Thought I would re-iterate this point as I understand that some people prefer the first post in a thread to be the most recent. Someone just asked me about it the other day.

If you would like to read threads this way please follow these instructions:

1. Go to the edit options section of your UserCP: https://www.aussiestockforums.com/account/preferences
2. Scroll down to the section titled: "Thread Display Options".
3. Where it says "Thread display mode" select "Linear - Newest First" then scroll to the bottom and click "Save Changes".

And you should be done!


----------



## Joe Blow

Ever wonder what this symbol '
	

	
	
		
		

		
		
	


	




 ' that you see next to the "Last Poster" is for?

Well if you click it, it will immediately take you to the most recent post in that thread.
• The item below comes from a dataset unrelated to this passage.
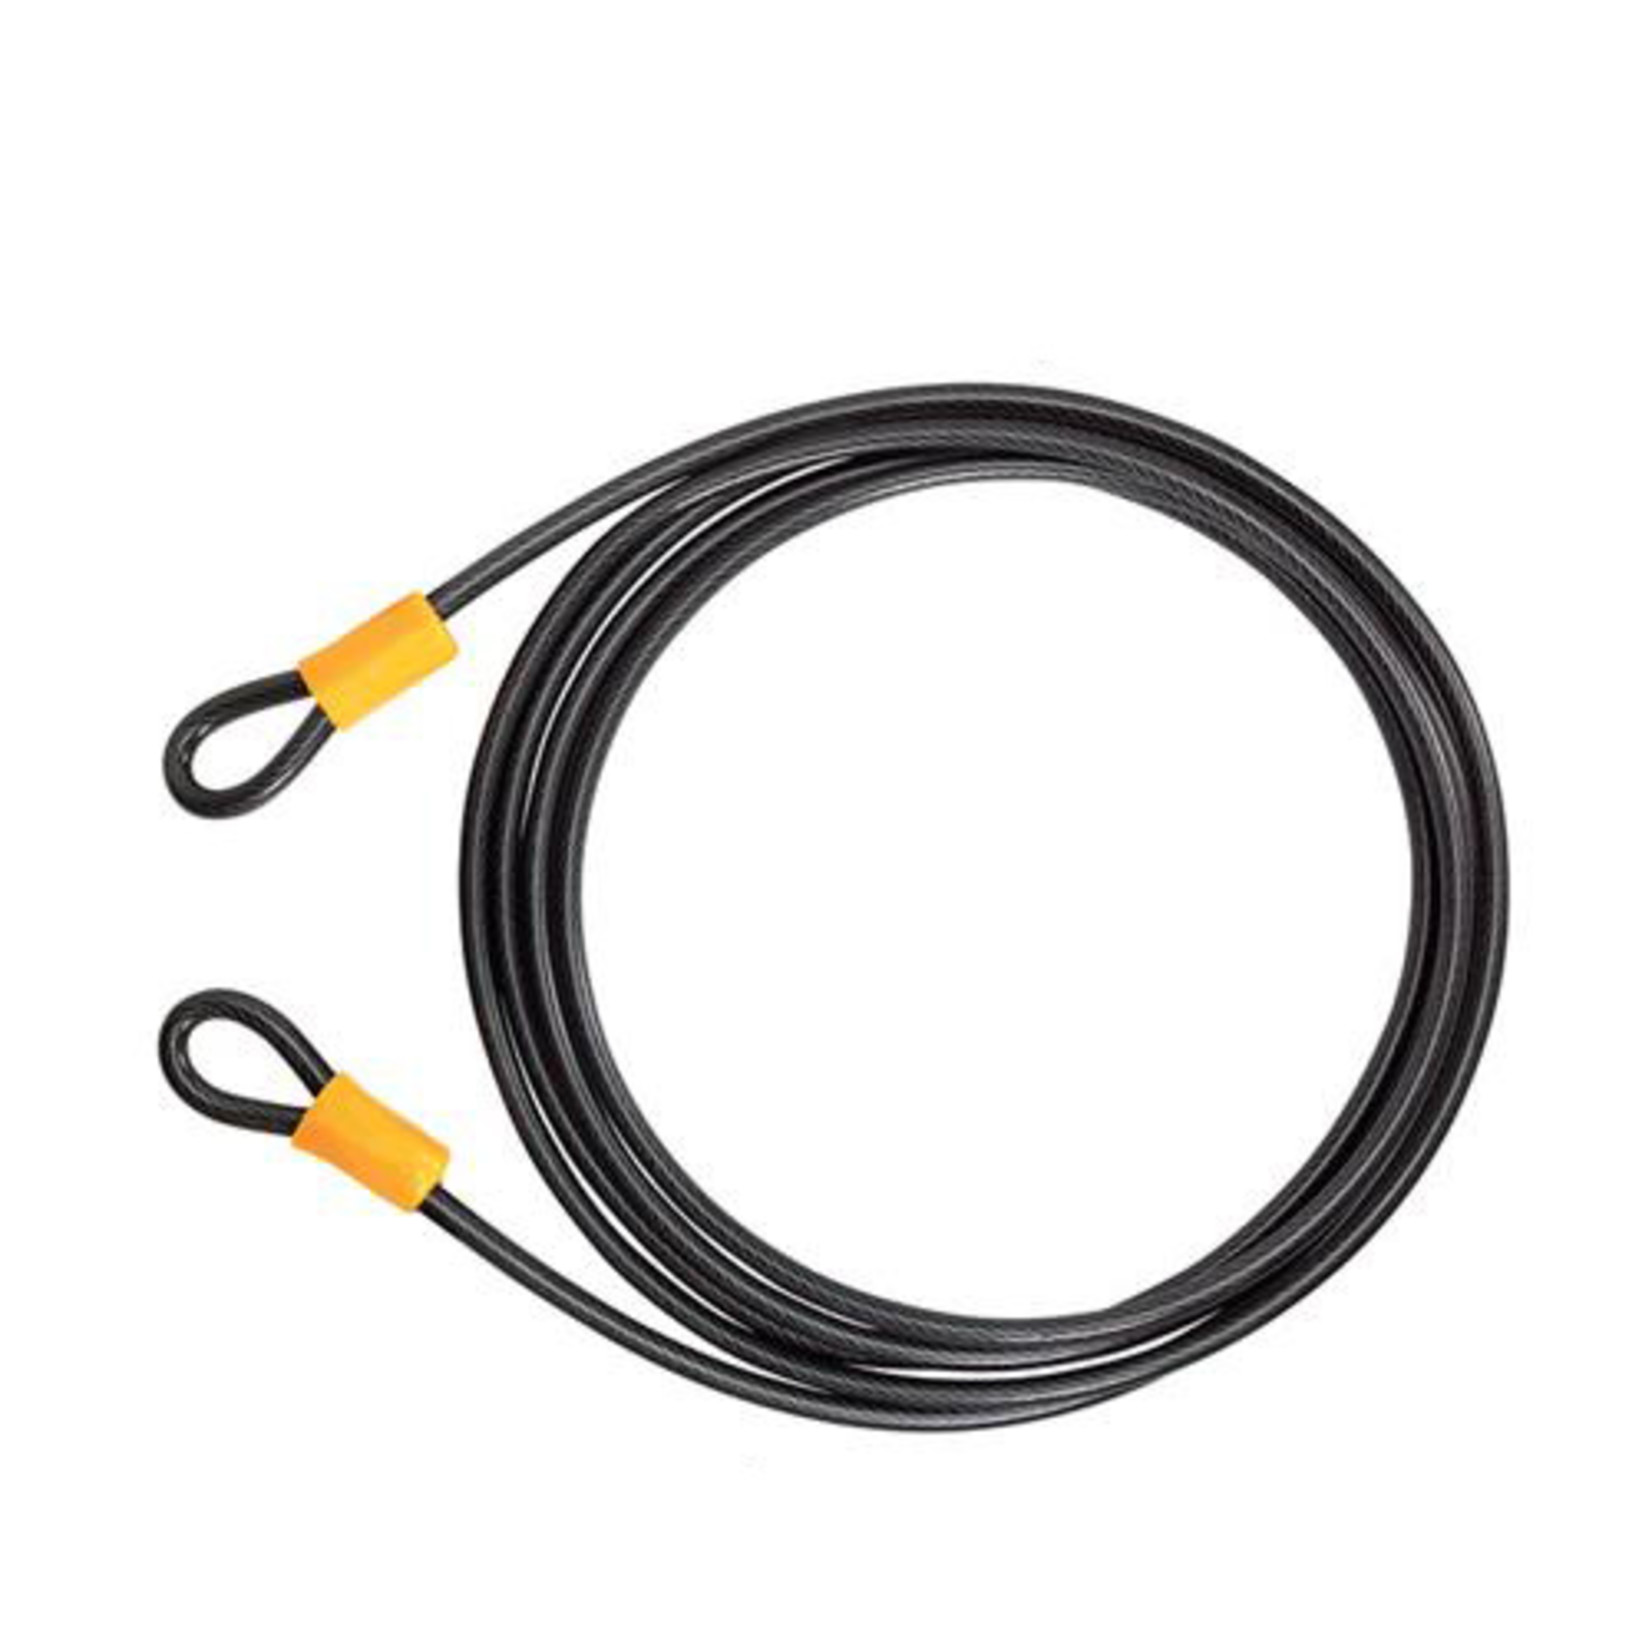 Onguard Onguard Bike/Cycling Lock - Akita Series - Long Cable - 4.6m X 10mm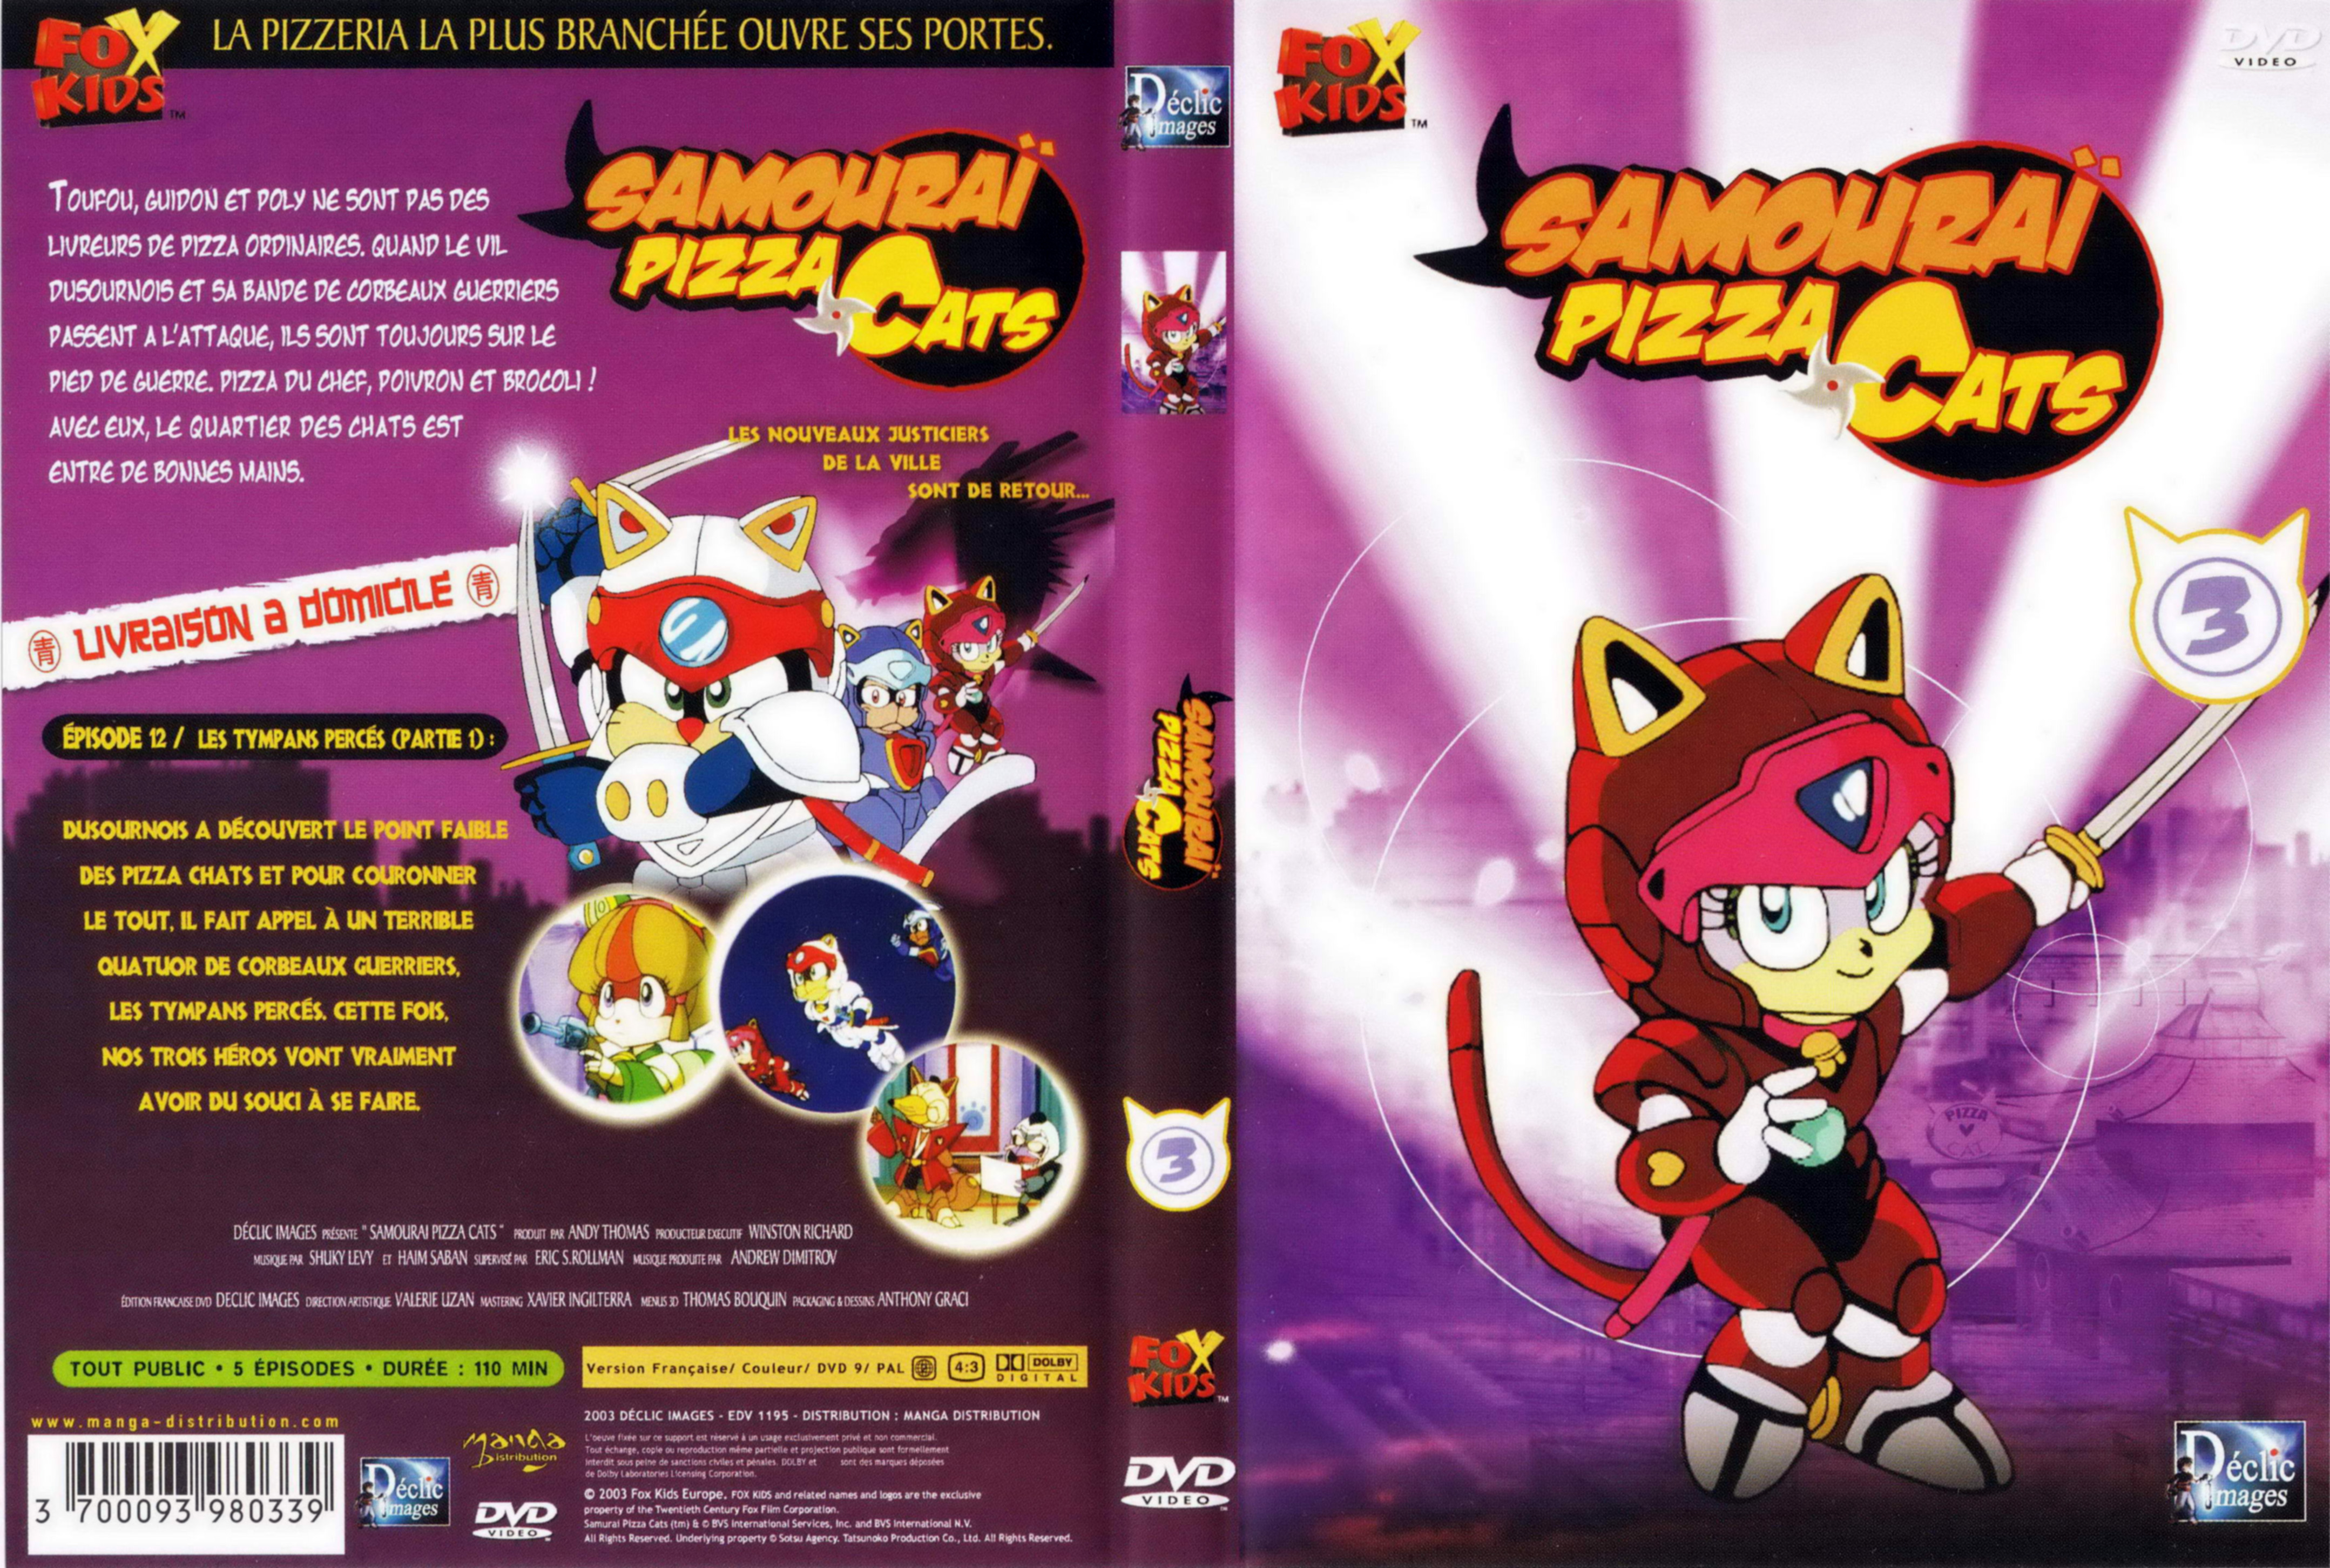 Jaquette DVD Samourai pizza cats dvd 3

That will save you clicking on the thread title and then clicking on 'Last' in the page numbers.

A definite time saver.


----------



## 2020hindsight

Joe Blow said:
			
		

> Not finding the results you want by using the regular site search? Try using the 'Advanced Search'.
> 
> Click on 'Search' as you usually would in the navigation bar above and then click 'Advanced Search' when the search box comes up. This will take you to the 'Advanced Search' page.
> 
> Advantages of using the 'Advanced Search':
> Search by username or keywords
> Search specific forums
> Search specific time periods
> Search only threads with a certain amount of posts
> Have your results returned in either 'threads' or 'posts'
> ...and more
> 
> If you are having trouble tracking down specific threads, posts or topics, the ASF 'Advanced Search' will make your searching easier.



yep , much more efficient - 
what's more you can choose BOTH username of poster, and a word he/she has used - and zap there it is. 

also set to 40 posts per page - then if you want post #201, and you are currently on #281, it will be in the same relative position on the page two back from where you are. (exactly - tops of each page are 40 posts apart etc)


----------



## 2020hindsight

2020hindsight said:


> yep , much more efficient -
> what's more you can choose BOTH username of poster, and a word he/she has used - and zap there it is.
> 
> also set to 40 posts per page - then if you want post #201, and you are currently on #281, it will be in the same relative position on the page two back from where you are. (exactly - tops of each page are 40 posts apart etc)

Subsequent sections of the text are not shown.